### DATA TO USE ###
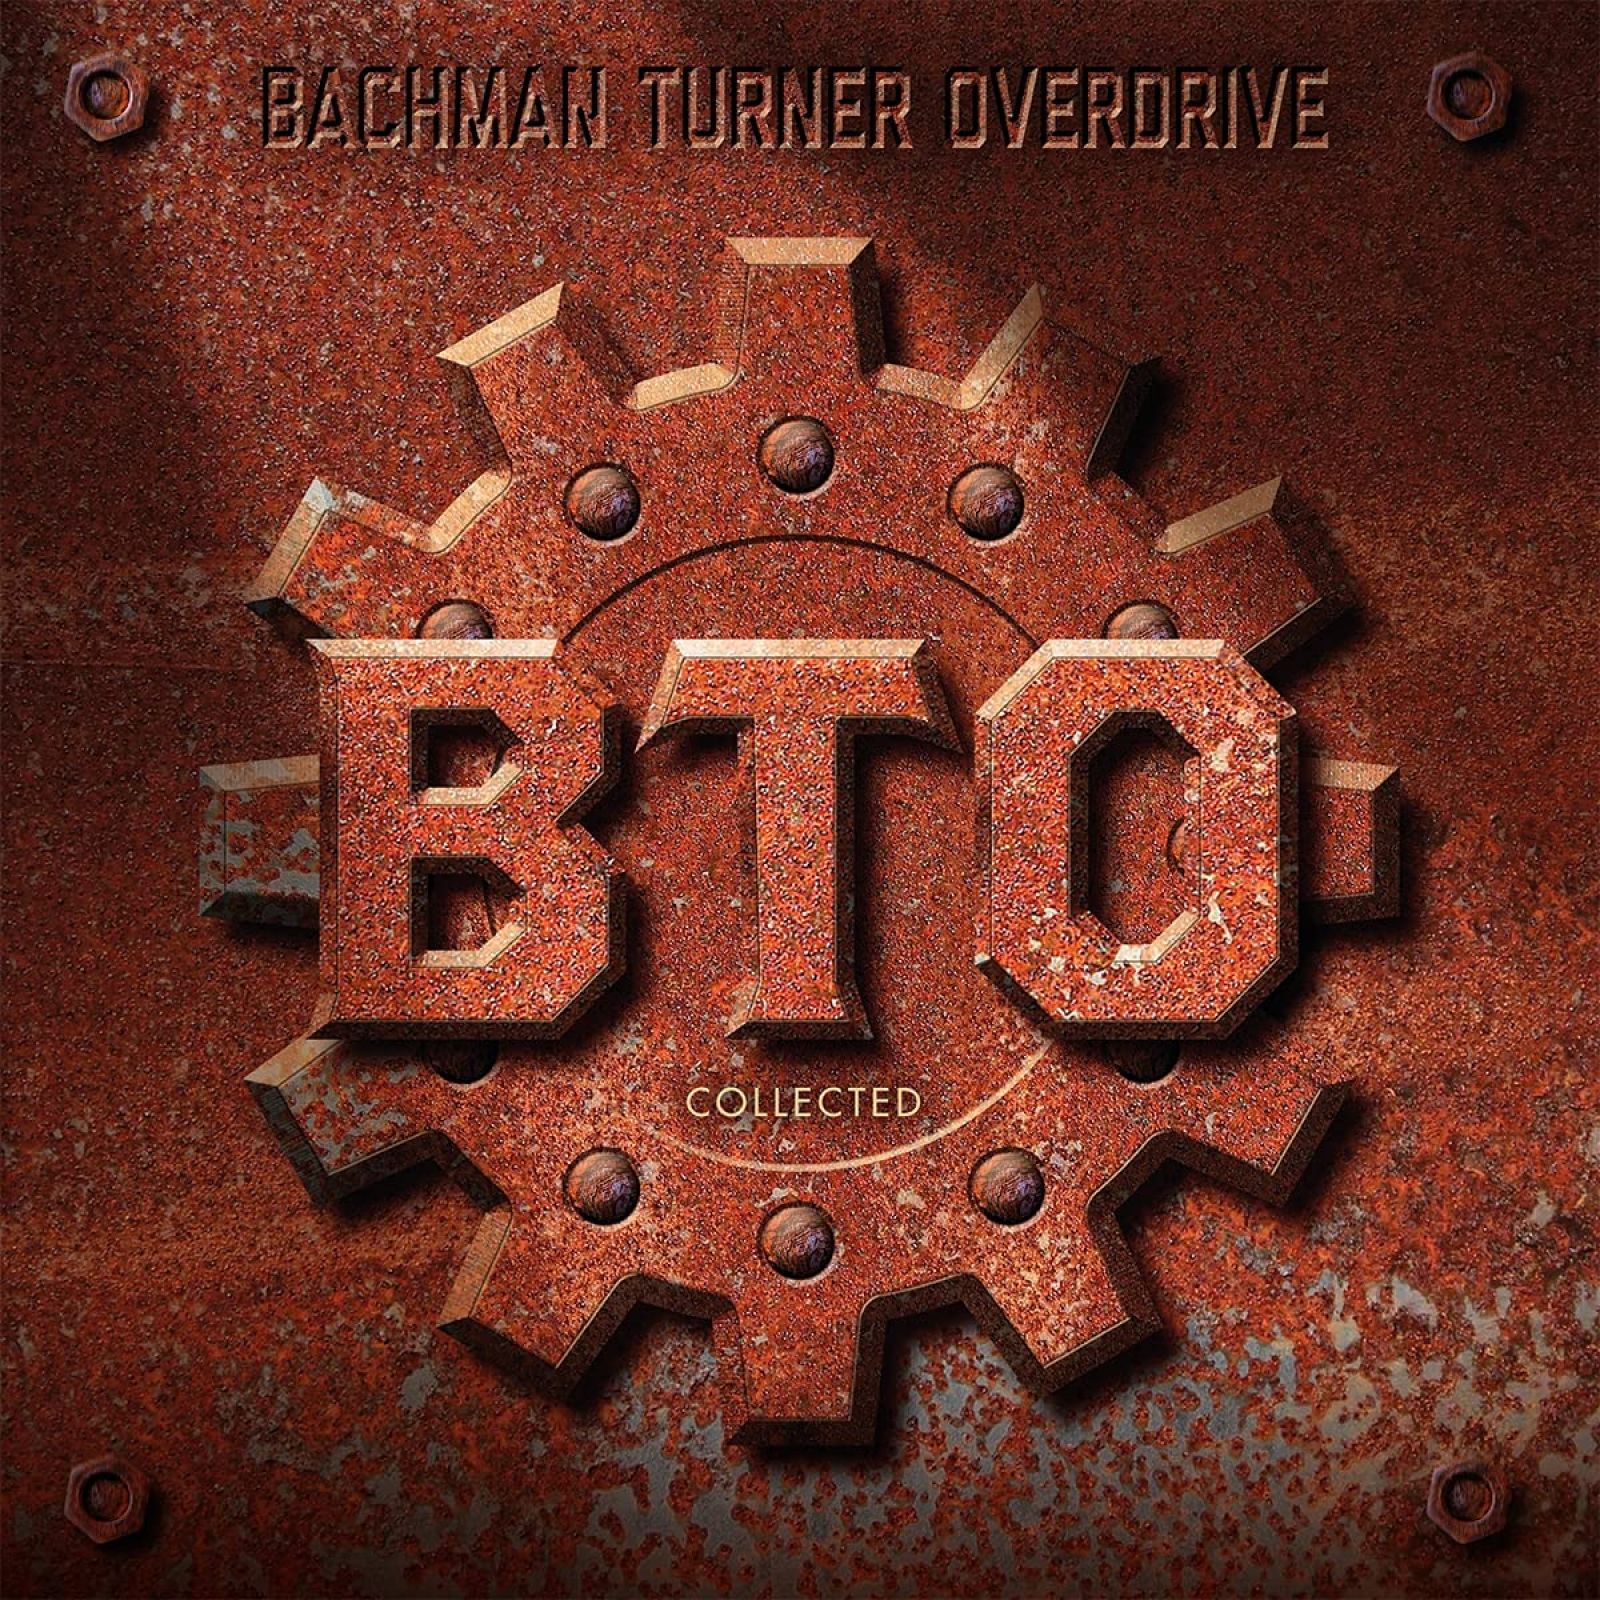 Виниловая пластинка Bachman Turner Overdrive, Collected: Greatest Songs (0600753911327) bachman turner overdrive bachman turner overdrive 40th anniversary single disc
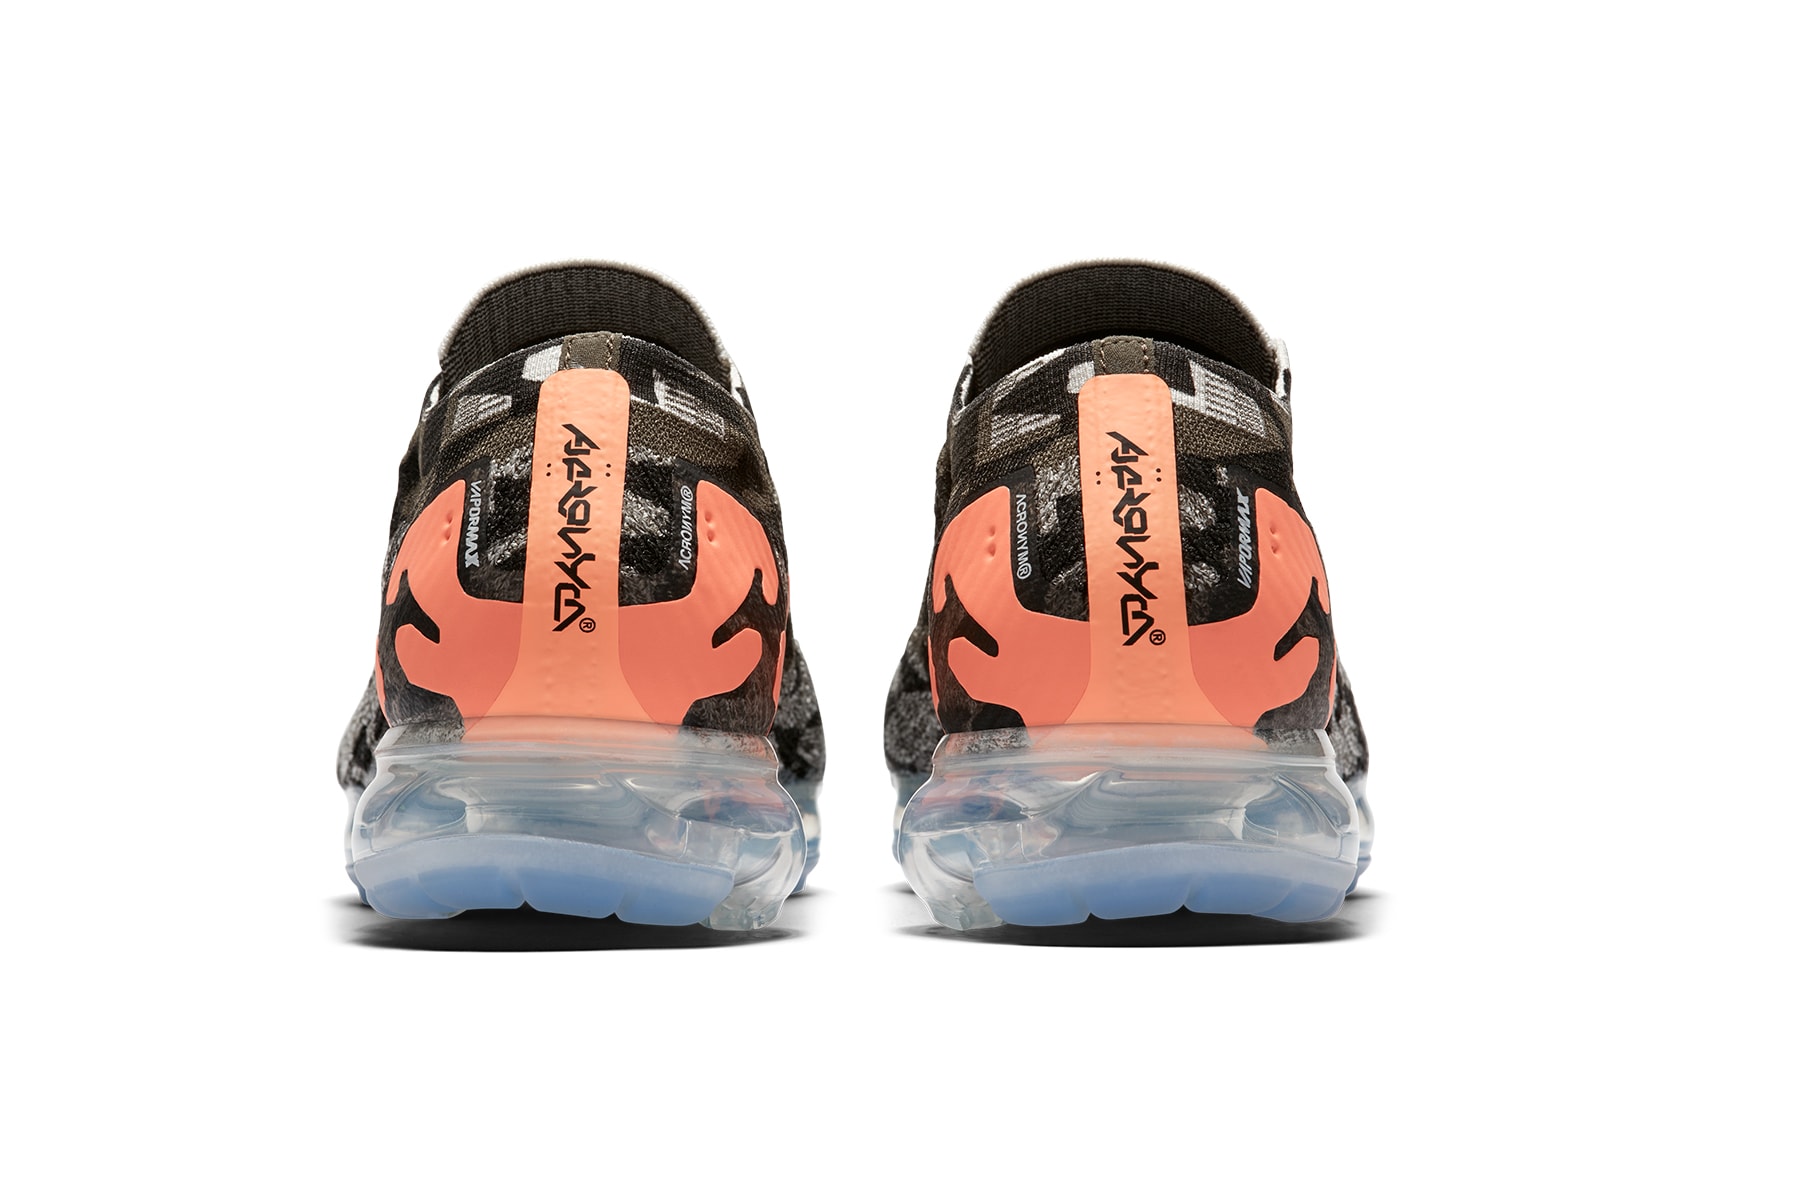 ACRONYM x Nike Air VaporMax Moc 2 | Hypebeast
###
### DATA TO USE ###
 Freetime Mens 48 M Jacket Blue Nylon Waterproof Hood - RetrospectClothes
###
◆ **TASK DETAILS**
Starting with the line above that holds "Виниловая пластинка Bachman", restate each line word for word up to and including the line that holds "ACRONYM x Nike". Drop the pictures.

◆ **RESULT OF THE TASK**
 Виниловая пластинка Bachman Turner Overdrive, Collected: Greatest Songs (0600753911327) bachman turner overdrive bachman turner overdrive 40th anniversary single disc
 ACRONYM x Nike Air VaporMax Moc 2 | Hypebeast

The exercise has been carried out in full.